The following morning took us to the Overlord Museum in the neighbouring village near Omaha beach. The boys were fascinated by what they were learning. A drive along the coast to see the British landing sites at Gold and Sword beaches and the Canadian landing point at Juno in the town of Courseulles Sur Mer (twinned with Dartmouth). We ended our day with a visit to the Commonwealth War Cemetery, what struck us was the story told by the headstones and how so few were aged over 25 years of age. What a waste.

We packed up the RV and hooked up Mini and set off east to Grigneuseville. A fantastic French farmhouse with motorhome bays in the garden. Owner Eric, is a hugely accommodating and friendly host. Eric doesn’t speak any English and speaks French at 100 miles per hour but we managed somehow. From here we took a day trip to Rouen to marvel in the many churches in the impressive town. The temperature had dropped considerably and Eric’s water supply had frozen.

It was time to move on. The final leg of our French journey took is to Lille, our favourite French town so far. The square is beautiful and after a stroll around the shops we had lunch in a bistro just off the square called La Chicory, opting for the plat du jour.

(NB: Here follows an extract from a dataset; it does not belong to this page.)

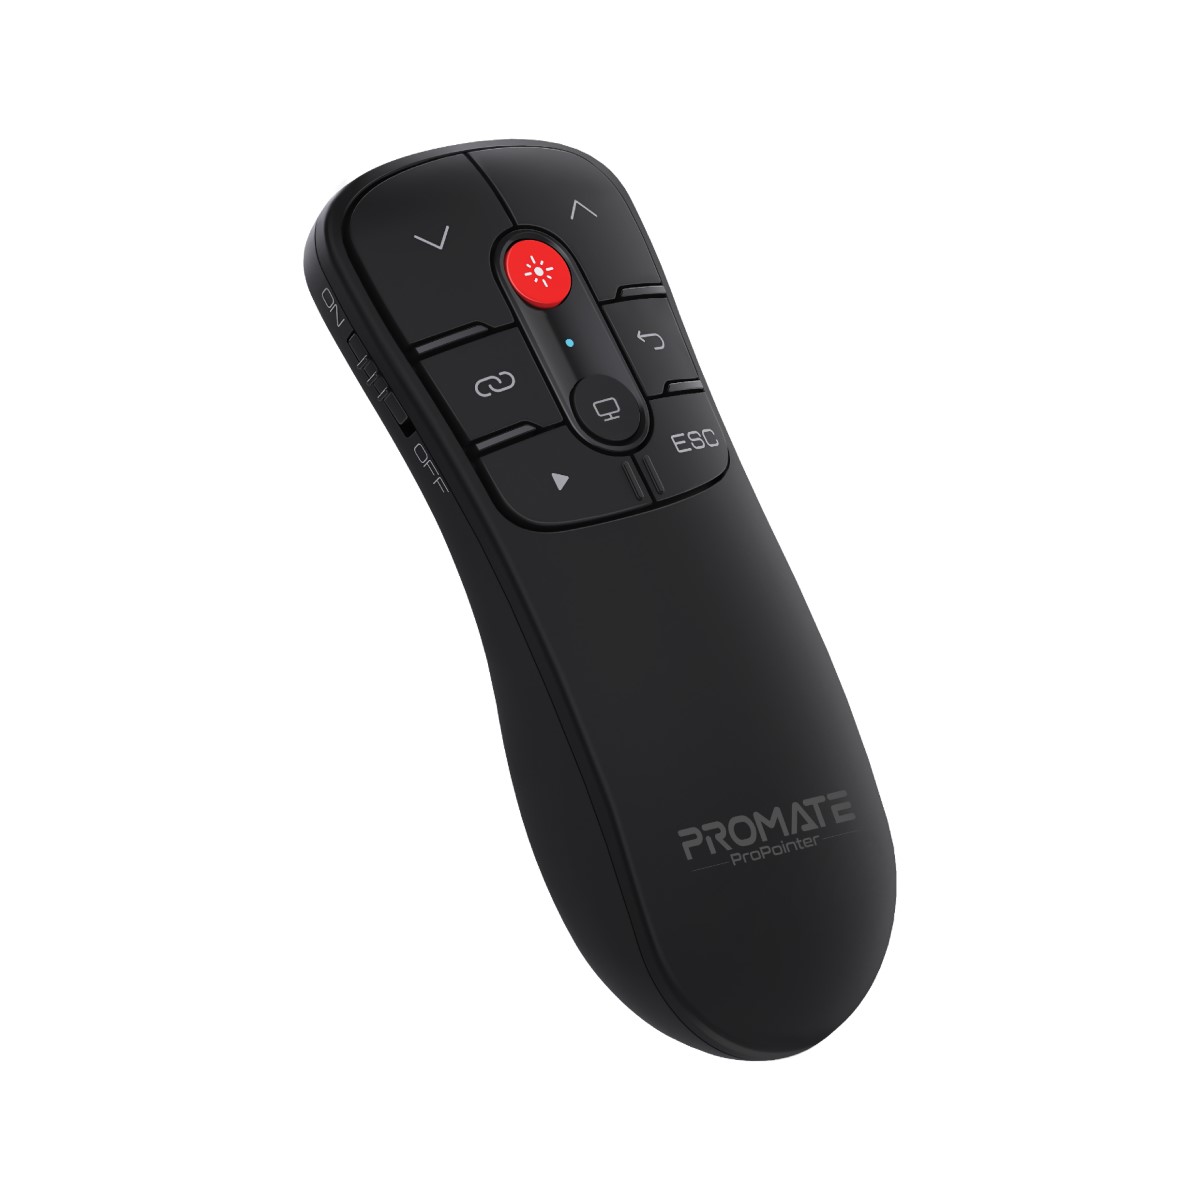 Promate Wireless Presenter with Red Laser Pointer, 2.4GHz RF, Dual USB-C?/ USB Dongles and Functional Buttons, ProPointer

The food and ambience was perfect however the service was stereotypically stroppy!

Whilst in Lille we parked the RV at a brilliant site around 30km South West of the city in a park called Parc Olhain in Pas-de-Calais. A hugely popular leisure park, great for dog walking and parkour areas for the kids to play.

Our journey now continues to Belgium the second country on our tour of Europe. We leave France and head to Bruges. After chatting to a family camping at the campsite in Calais they recommended another camping app called Park4night. We downloaded it and planned our first nights site in Belgium. Jon found a great site in Wingene around 14 miles from Brugge on a working dairy farm owned by Kevin and Patrick.